• **INFORMATION SUPPLIED**
- - - - - - -

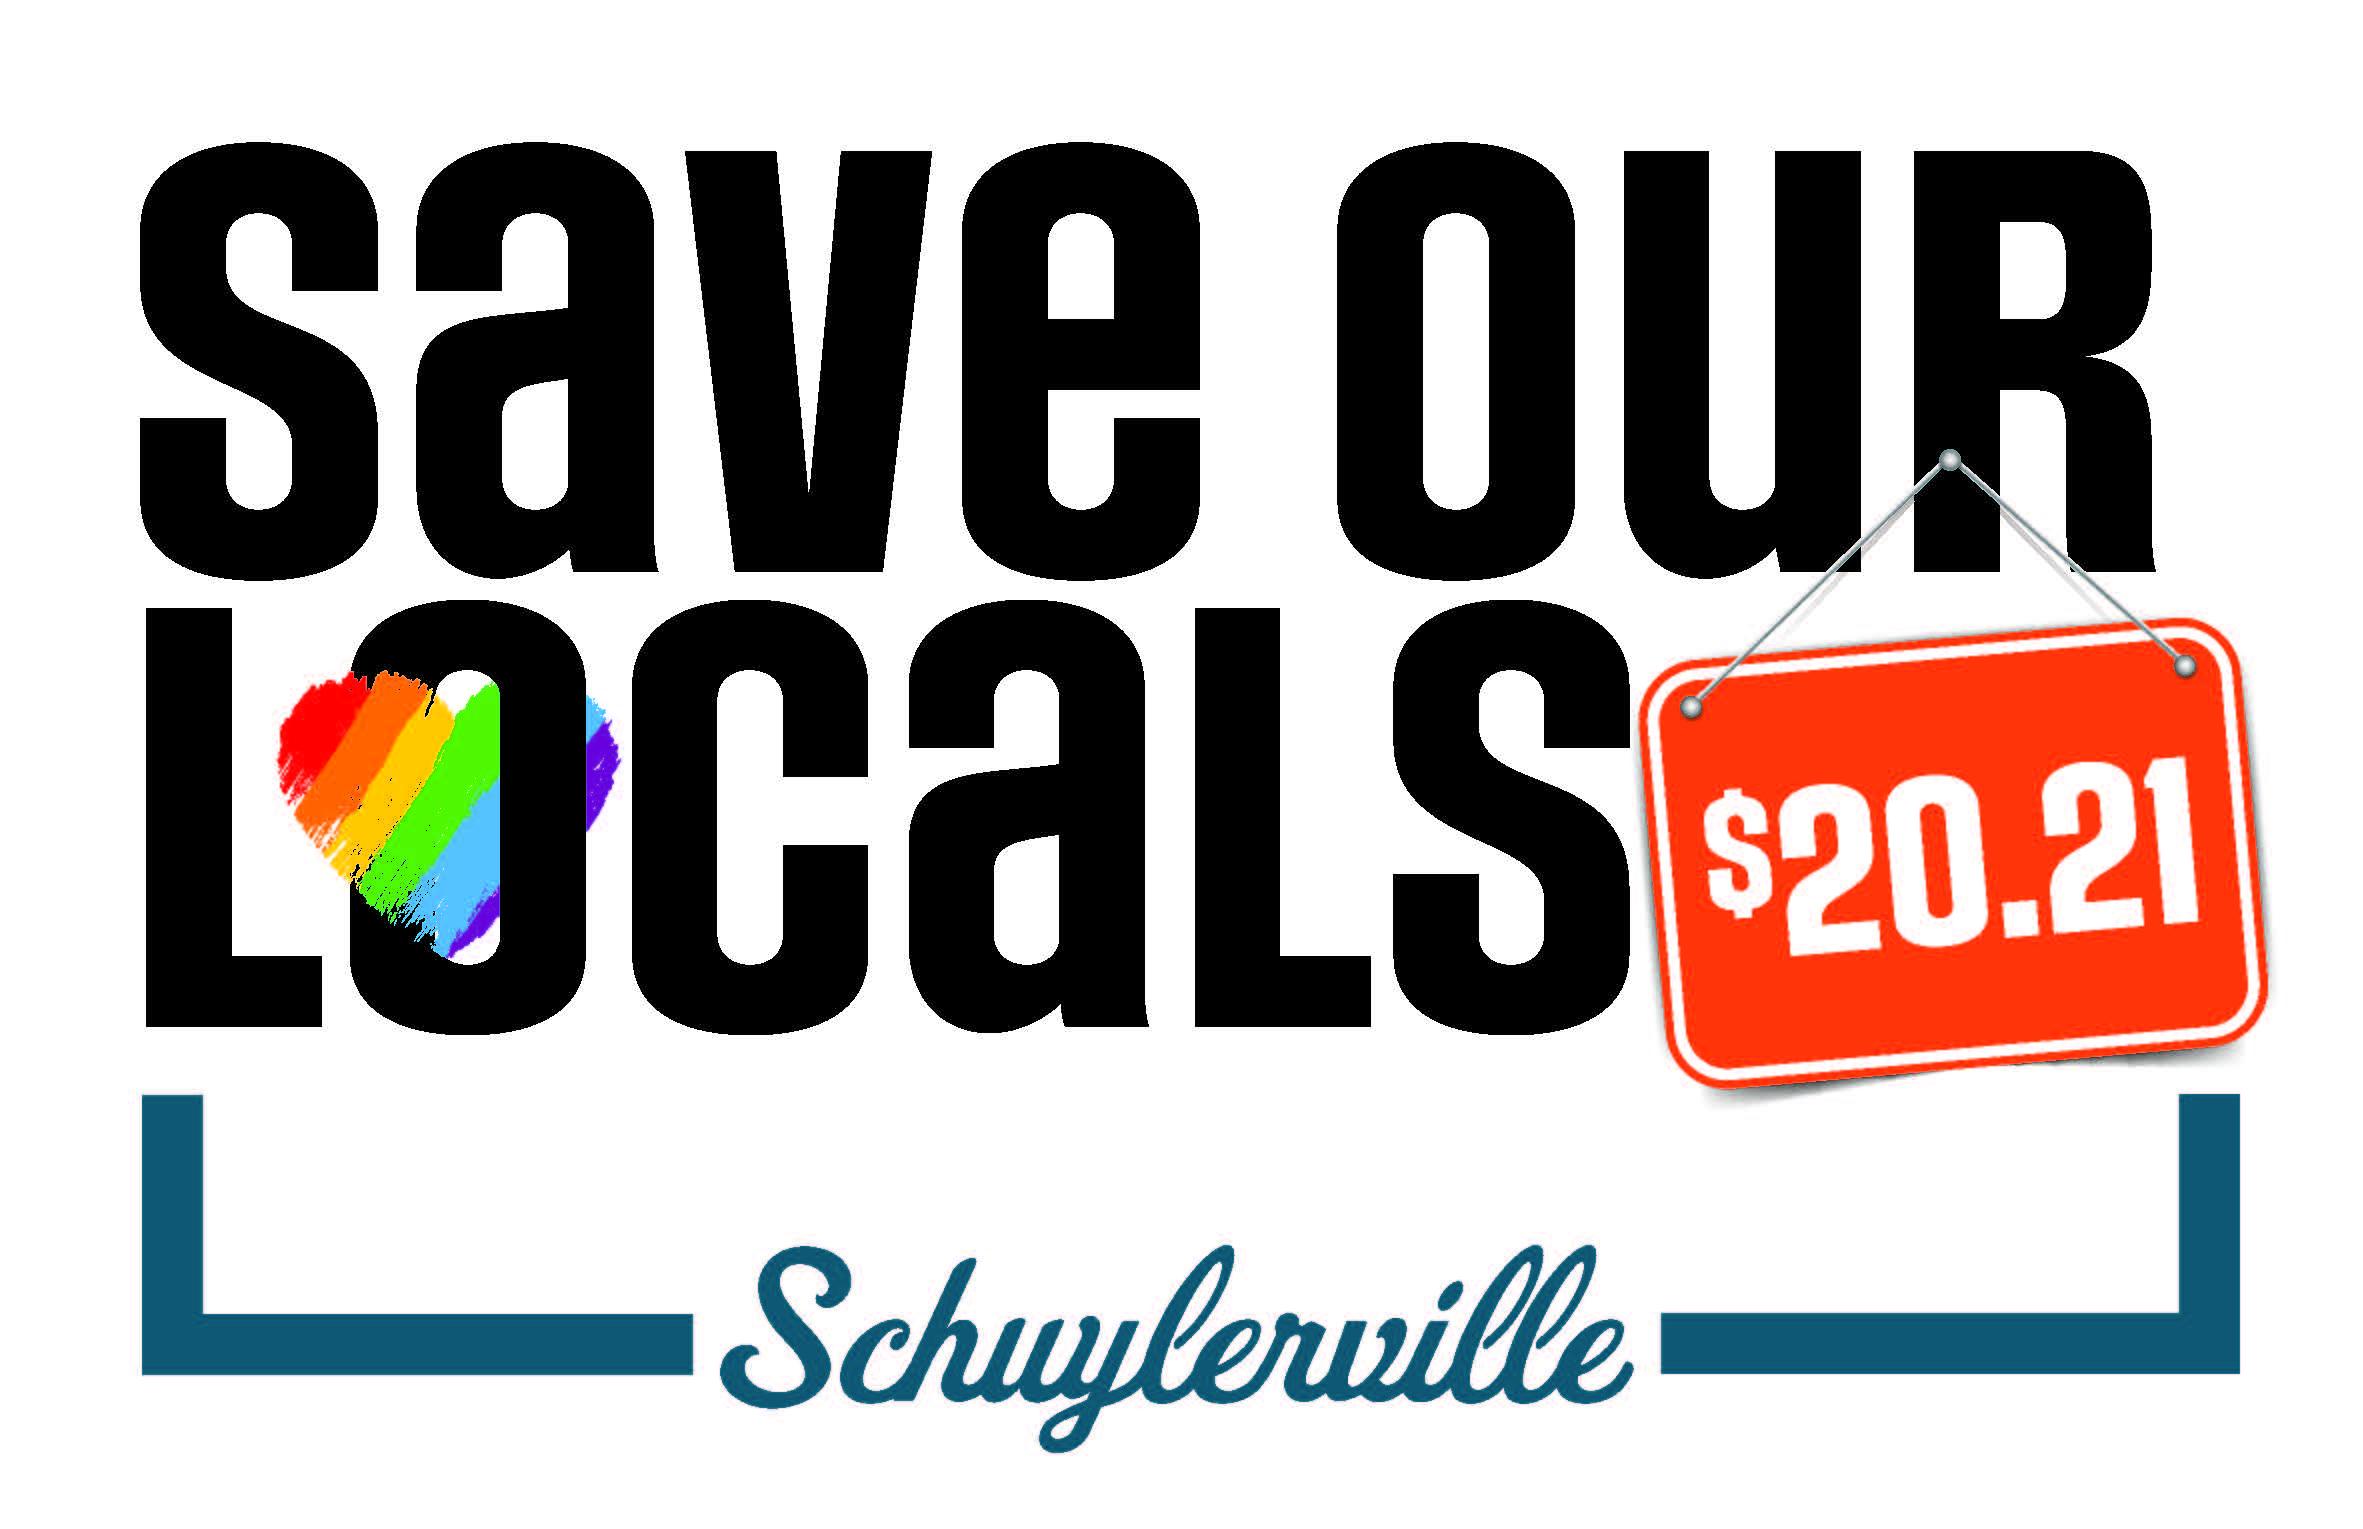 Save Our Locals 2021 Schuylerville
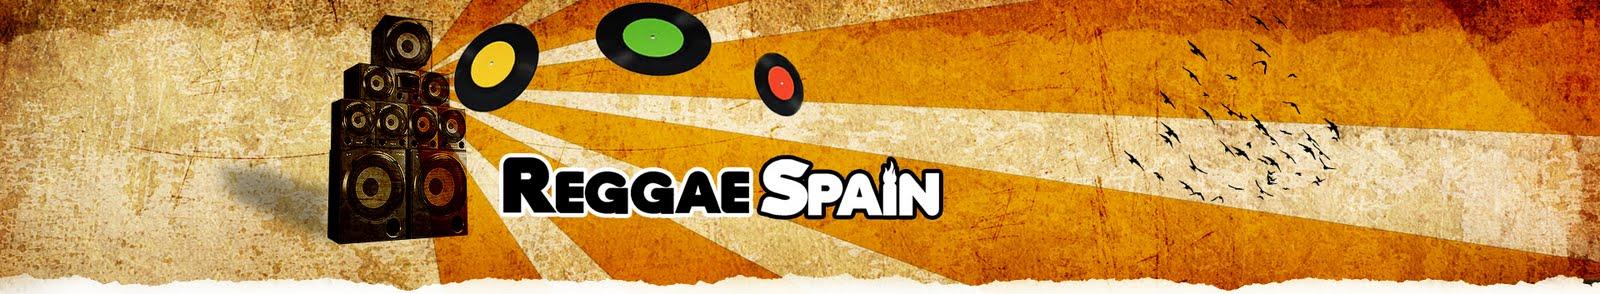 Reggae Spain
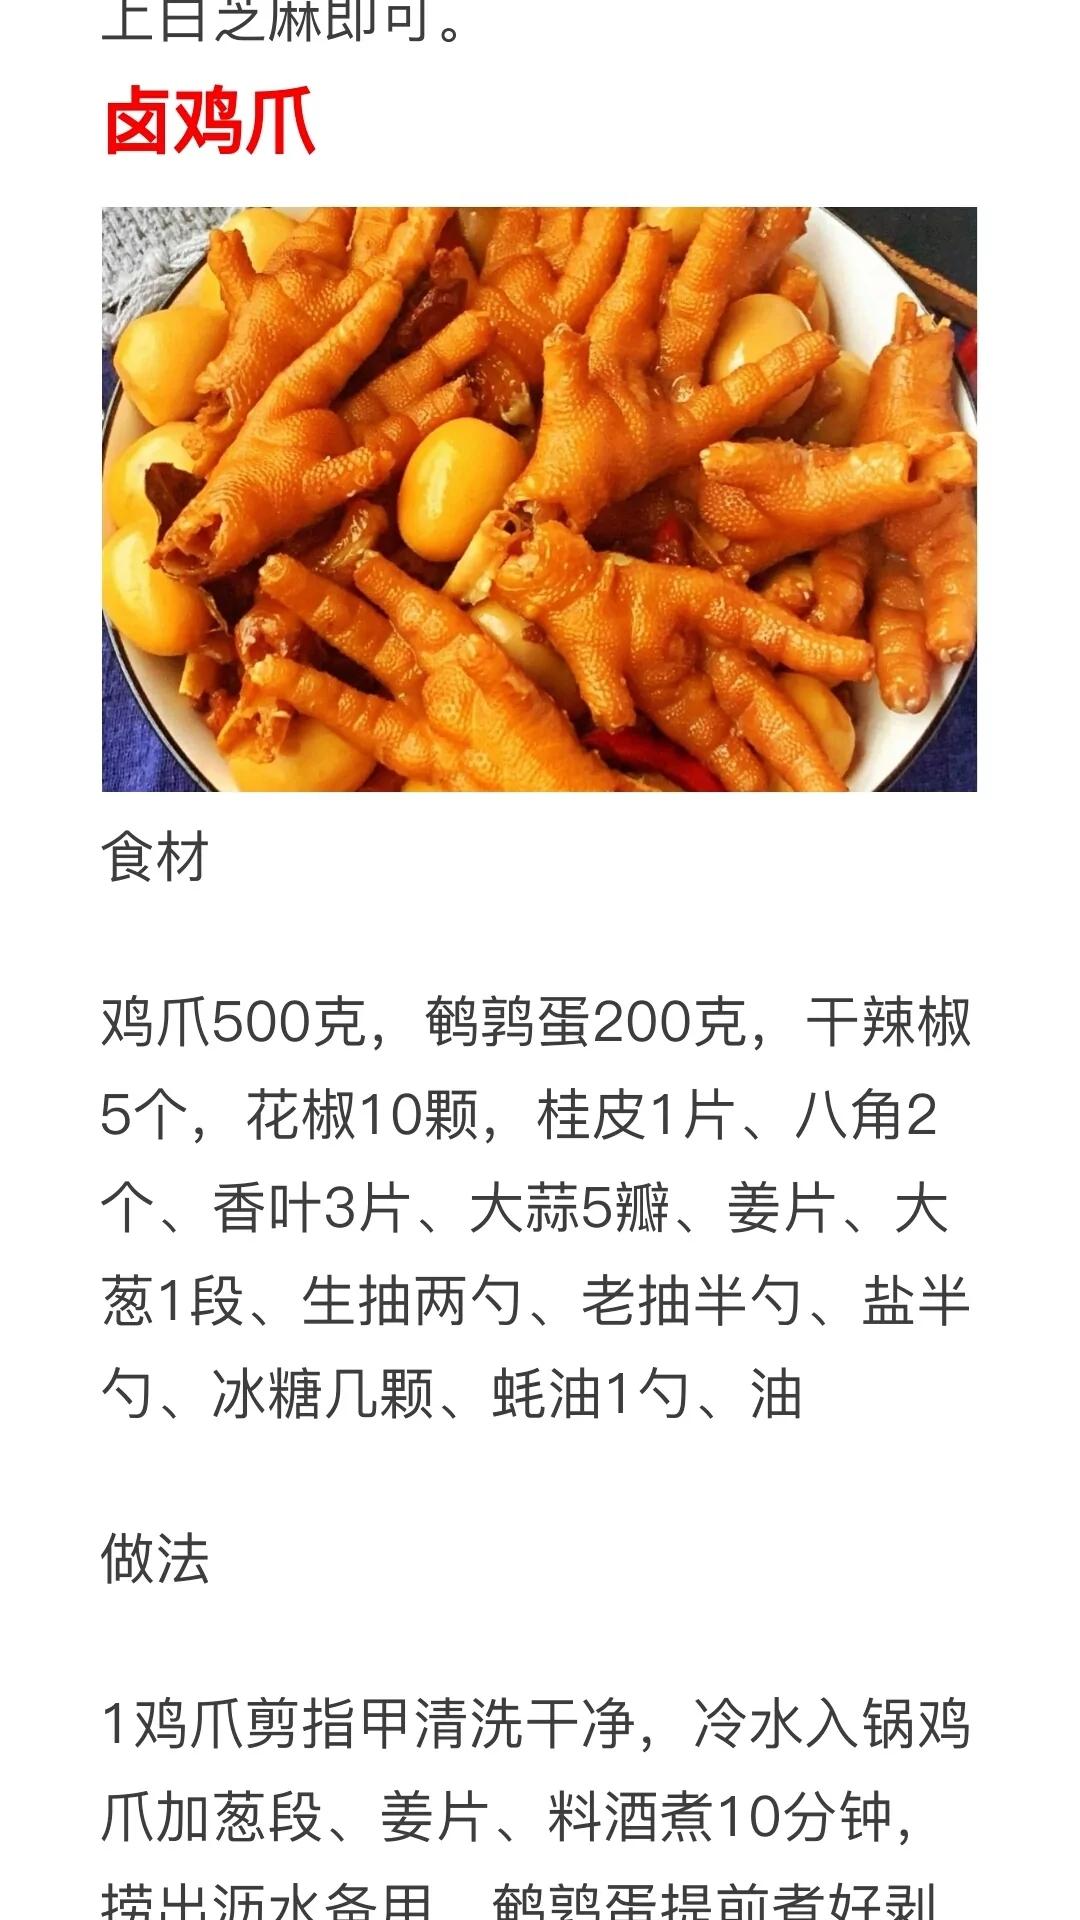 家常鸡爪的做法及配料 美食做法 第10张
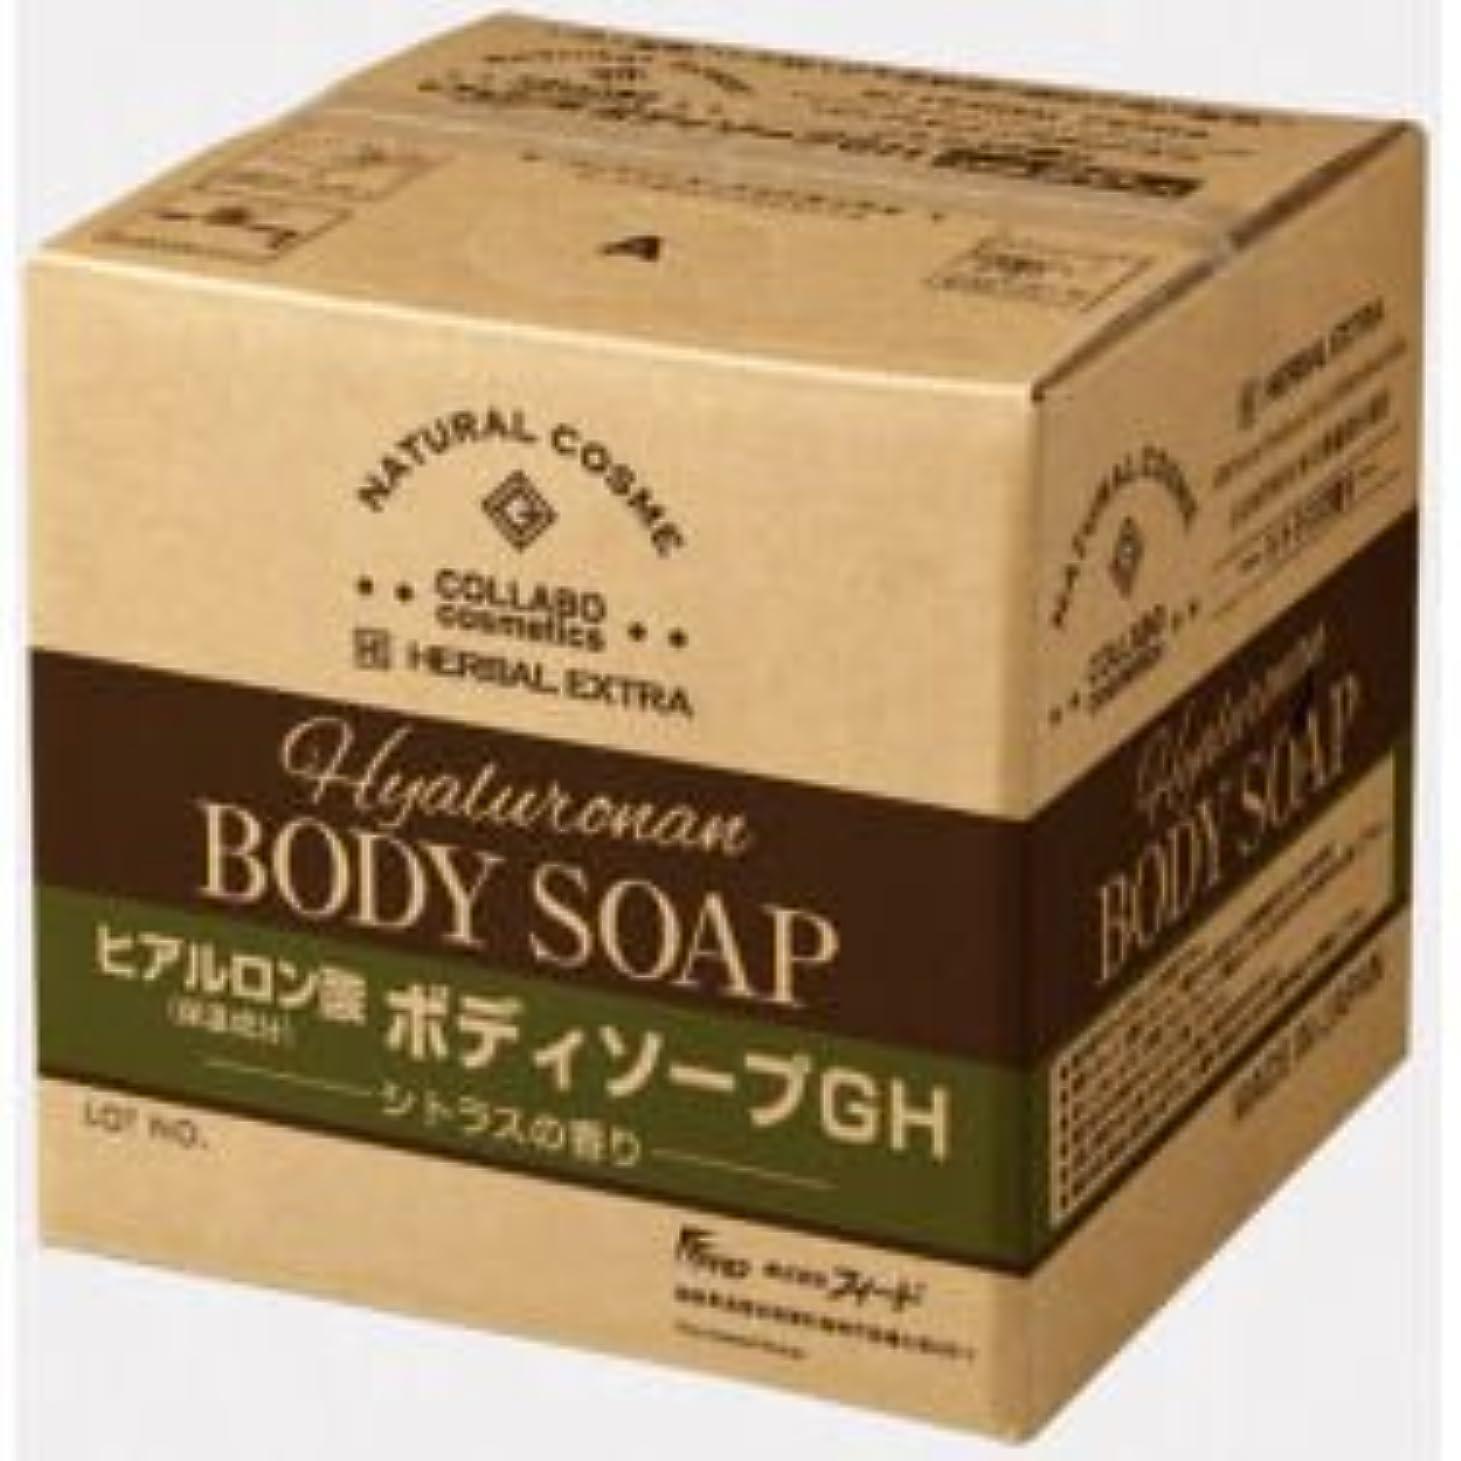 最もシプリー邪悪なゼミド×ハーバルエクストラ ヒアルロン酸ボディソープGH シトラスの香り 20kg

- - - - - - -

• **WHAT IS NEEDED**
Drop every image, please, and write out the data above exactly as shown.

• **ANSWER FOR THIS EXERCISE**
 Save Our Locals 2021 Schuylerville
 Reggae Spain
 家常鸡爪的做法及配料 美食做法 第10张
 最もシプリー邪悪なゼミド×ハーバルエクストラ ヒアルロン酸ボディソープGH シトラスの香り 20kg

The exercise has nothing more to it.